Halloween is a scary day — not only because of the monsters, zombies and ghosts lurking around every corner, but also because of every parent’s fear for the safety of their kids. We worry about everything from car accidents to child predators.
But as parents of children of color, at times especially young black males, we worry about the safety of our kids every single day. Not just the normal worries every parent has — we live with the terror of knowing that our sons could be unjustly targeted and hurt or at worse killed by the very people sworn to protect them. And we struggle with the dismay of knowing that our kids are painfully aware of danger they every day.
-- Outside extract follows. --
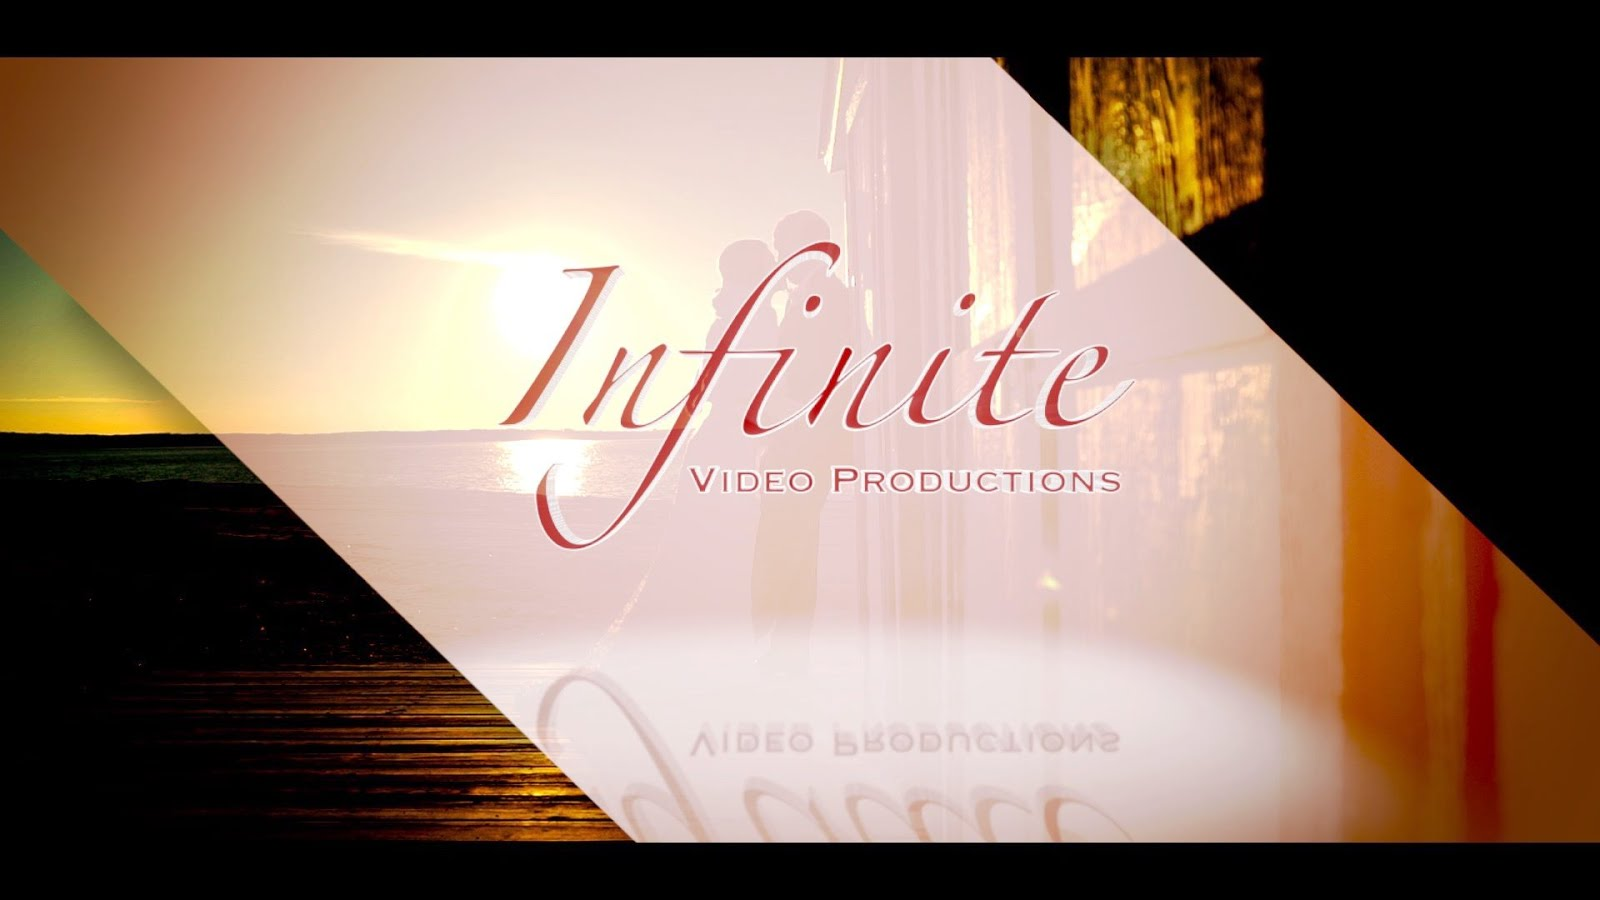 Visit Infinite Video Productions Website

“Mama, are the police going to kill me because I’m black?” These were the words of my son who was 8 years old at the time. A year has passed and he is still afraid.
No child should fear dying at the hands of someone meant to protect them. It is becoming normalized to hear on the news the death of yet another young black male who was fatally shot by the police. It is no wonder that our children of color have a deep belief that their skin color determines their fate.
How are our children supposed to react any differently when young black males make up only 2% of the U.S. population, yet 15% of police-involved deaths? This especially hits close to home here in New Mexico where in 2015 we had the highest per-capita-rate of police killings than any other state in the U.S. These devastating statistics have sent ripples of fear through young black men everywhere and those who love them.
My son has had conversations with other boys of color about police violence they've heard about or witnessed. My son comforts a friend who's father was just arrested. Instead of laughing and running around being kids, they are sharing stories like these. This is not the childhood I envisioned for my son and I know these conversations are happening across the jungle gyms of America.
As mothers we are sitting down with our sons and having difficult conversations that we never imagine having. "If you are stopped by the police, just listen to them and do exactly what they say. Don't talk back, even if you know you didn't do anything wrong. I just want you to come home" says my mom to my 14 year old brother, a young black man still learning his way through this world. Why is it that we’re teaching our kids survival skills to not trigger the police rather than turning to them when we need help?
Funny thing is, growing up I was taught something completely different. I am a Hispanic female and never feared the police as a child. I was taught to call 911 or turn to a police officer if I was ever in trouble. I had a sense of security to know that there were a group of people whose duty it was to protect us. I also recognize my privilege as a Hispanic woman to I never know the fear that comes to a black male when confronted by a police officer. I don't know how my brother or son feel as young black males, but as mothers we pray every day that they stay safe and come home to us.
I know there are kind hearts of so many police men and women all over the U.S. and for that, I am eternally grateful. Unfortunately, it is not enough to combat the tragic experiences that have already begun to shape our children of color in a way that I’m unsure they can overcome. I answer my son’s question with heaviness inside as I say “No baby, I won’t let them hurt you” and he asks “How do you know?”
This Halloween mothers of young black men will thinking beyond the idea of a razor being hidden in our kids candy or the terrifying clowns waiting around the corner. We live with the knowledge that everyday there is fear and it's not going away the day after Halloween.